While there is no strict rule on the ideal length of an R script, aim to keep scripts focused and concise. If a script becomes too long, consider breaking it up into smaller, more manageable scripts that perform specific tasks.

Guideline: A script should ideally perform one primary function (e.g., data cleaning, analysis, or plotting). This separation of concerns helps maintain clarity.

3.2 Organising Files and Directories

3.2.1 Directory Structure

A well-organised directory structure is critical for keeping your project manageable, especially as it grows. Here is a common directory structure for an R project:

project/

├── data/

│ ├── raw/ #Raw data files (input)

│ └── processed/ #Processed data files (output)

├── scripts/

│ ├── data_cleaning.R #Script for cleaning data

│ ├── analysis.R #Script for analysis

│ └── plotting.R #Script for generating plots

├── output/

│ ├── figures/ #Generated figures and plots

│ └── results/ #Analysis results, tables, etc.

└── README.md #Project overview and instructions

3.2.2 Data Files

Raw Data: Store raw data files in a data/raw/ directory. These files should remain unmodified, serving as the original source for your analyses.
Processed Data: Any data files that are generated or cleaned should be saved in data/processed/. This keeps raw and processed data separate, making it easier to track changes.

3.2.3 Scripts

Scripts Directory: Place all your R scripts in a scripts/ directory. organise them by task, such as data_cleaning.R, analysis.R, and plotting.R.
Modular Scripts: If a single script becomes too large or complex, split it into multiple scripts that are responsible for different parts of the workflow.

3.2.4 Output Files

Output Directory: Use an output/ directory to store results such as figures, tables, and reports. Further organise this directory by creating subdirectories like figures/ and results/.
Avoid Overwriting: Name your output files descriptively to avoid overwriting them. Include details like the date or parameters used in the analysis (e.g., summary_stats_2024-08-21.csv).

3.3 Documentation

3.3.1 README Files

Every project should include a README.md file in the root directory. This file serves as an introduction and guide to your project.

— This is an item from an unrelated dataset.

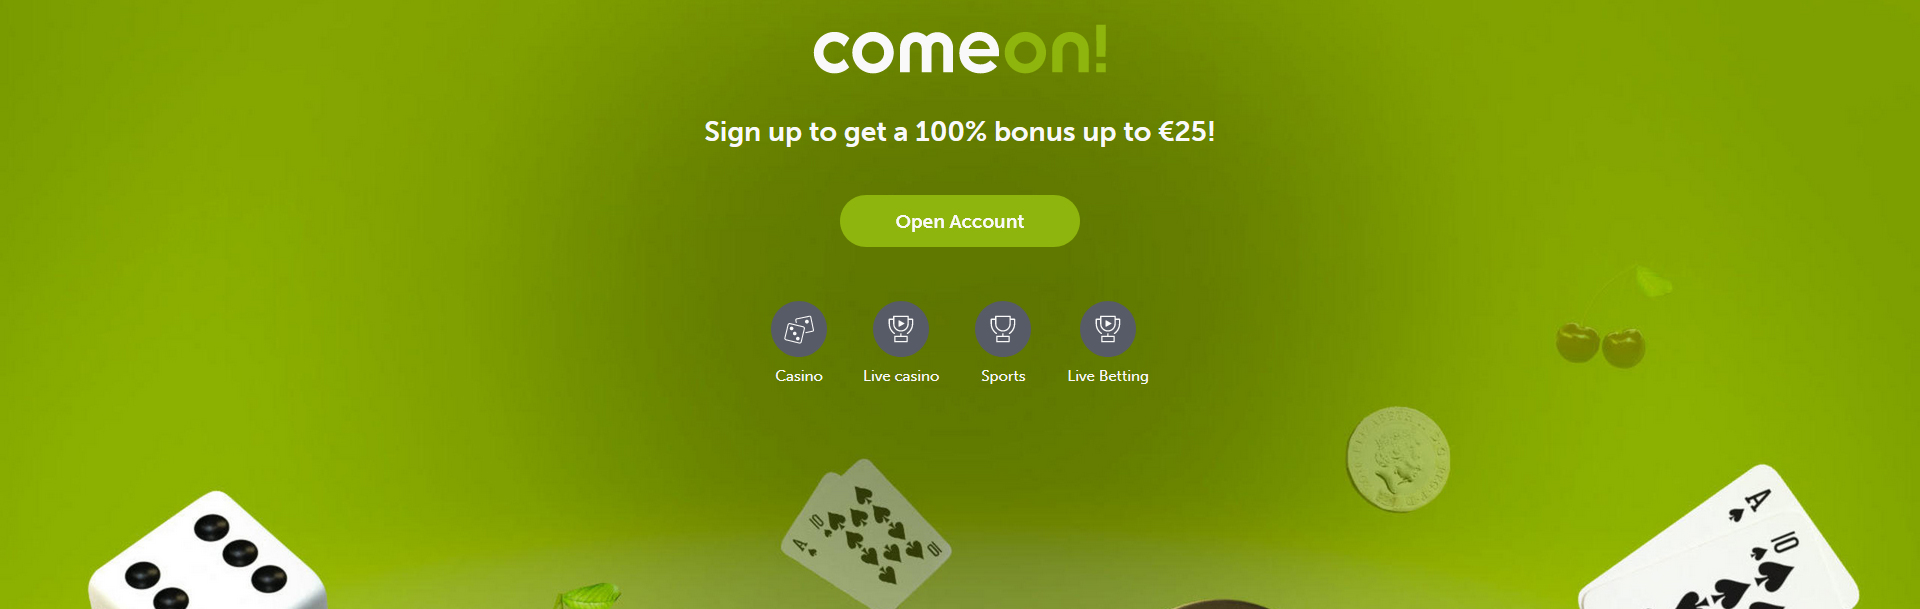 Screenshot ComeOn casino.

Example Contents of a README:
- Project overview
- Instructions for setting up the environment
- Description of scripts and their functions
- How to run the analysis
- Dependencies (e.g., required R packages)

3.3.2 Inline Documentation

Use comments and docstrings to document your scripts and functions. This inline documentation helps users and collaborators understand what your code does and will be discussed further in Chapter 4.

3.4 Summary

In this chapter, we’ve covered best practices for organising your R scripts and project directories. A well-structured project makes it easier to manage, understand, and share your work. By following these guidelines, you can ensure that your codebase remains clean, modular, and maintainable.

## {Project Title}

## {Author Name} - {YYYY-MM-DD}
## GH: {GH_user_id} [OR ALTERNATIVE CONTACT DETAILS]

## {This is a description of the project and this code script.}
## {This is a description of the project and this code script.}
## {This is a description of the project and this code script.}

###############################################################################
############################### {SCRIPT TITLE} ################################
###############################################################################

# CHANGELOG -------------------------------------------------------------------

# v1.0.0.0 - {Change Overview}
#          - {YYYY-MM-DD}
#          - {Change Author}


# NOTES  ----------------------------------------------------------------------

# 1. Important Note for the Script User.
# 2. Another Important Note for the Script USer.

#TODO: A To-Do Item for the Script Developer


# REQUIRED LIBRARIES ----------------------------------------------------------

#ggplot2: For Plotting
library(ggplot2)


# SCRIPT CONSTANTS ------------------------------------------------------------

In the next chapter, we’ll explore how to use comments effectively to document your code and make it more understandable.